Update: Nachdem ich das gepostet habe, wurde mir klar, dass ich Ihre Frage zu "Sackgassen" nicht direkt angesprochen habe. Wenn Sie wirklich feststellen, dass eine ganze Reihe von Analysen keinen Wert hat, können Sie, wenn Sie in Git arbeiten, die entsprechenden Dateien jederzeit mit der Meldung "Abandoned this line of analysis" löschen, da dies nicht der Fall war produktiv." Im Gegensatz zu dem, was Sie geschrieben und in den Papierkorb geworfen haben, können Sie auf Wunsch jederzeit zu dem zurückkehren, was Sie später getan haben.

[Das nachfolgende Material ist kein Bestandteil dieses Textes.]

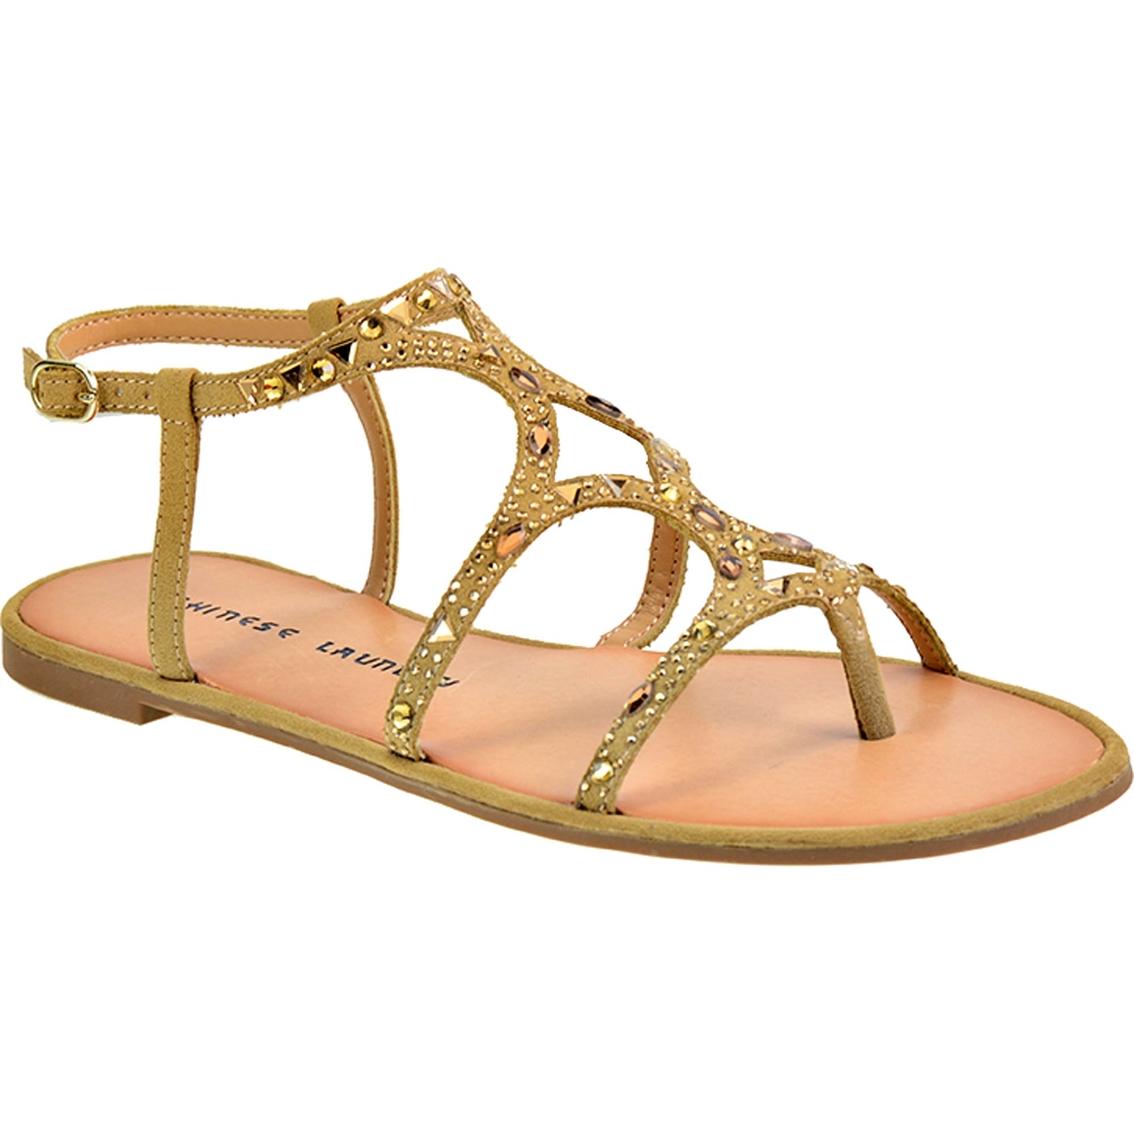 1d6e0b3f0 Chinese Laundry Genevieve Rhinestone Flat Sandals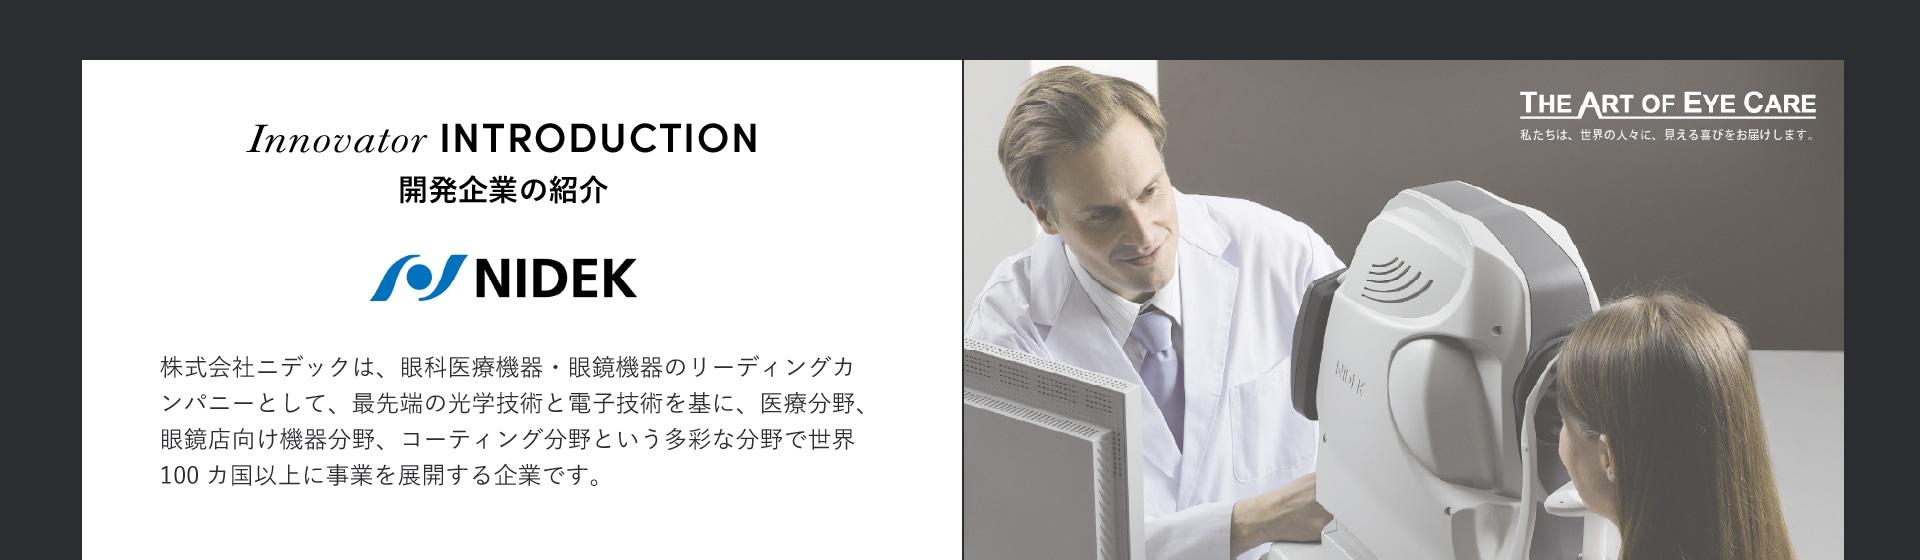 Innovator INTRODUCTION 開発企業の紹介 株式会社ニデックは、眼科医療機器・眼鏡機器のリーディングカンパニーとして、最先端の光学技術と電子技術を基に、医療分野、眼鏡店向け機器分野、コーティング分野という多彩な分野で世界100カ国以上に事業を展開する企業です。

Ich denke jedoch, Sie werden feststellen, dass Sie weniger Sackgassen haben, wenn Sie von einem Entwurf ausgehen, über den Sie nachgedacht haben. Wenn Sie stattdessen Zeit damit verbringen, eine sinnvolle und relevante Frage zu untersuchen - auch wenn dies zu einer Nullfeststellung führt oder nicht so ausfällt, wie Sie es erwartet haben -, möchten Sie wahrscheinlich immer noch aufzeichnen, was Sie getan haben und wie das Ergebnis lautet (at ein Minimum, damit Sie nicht den Fehler machen, dies später zu wiederholen). Verschieben Sie diese einfach in einer Art "Anhang" an den unteren Rand Ihrer Gliederung.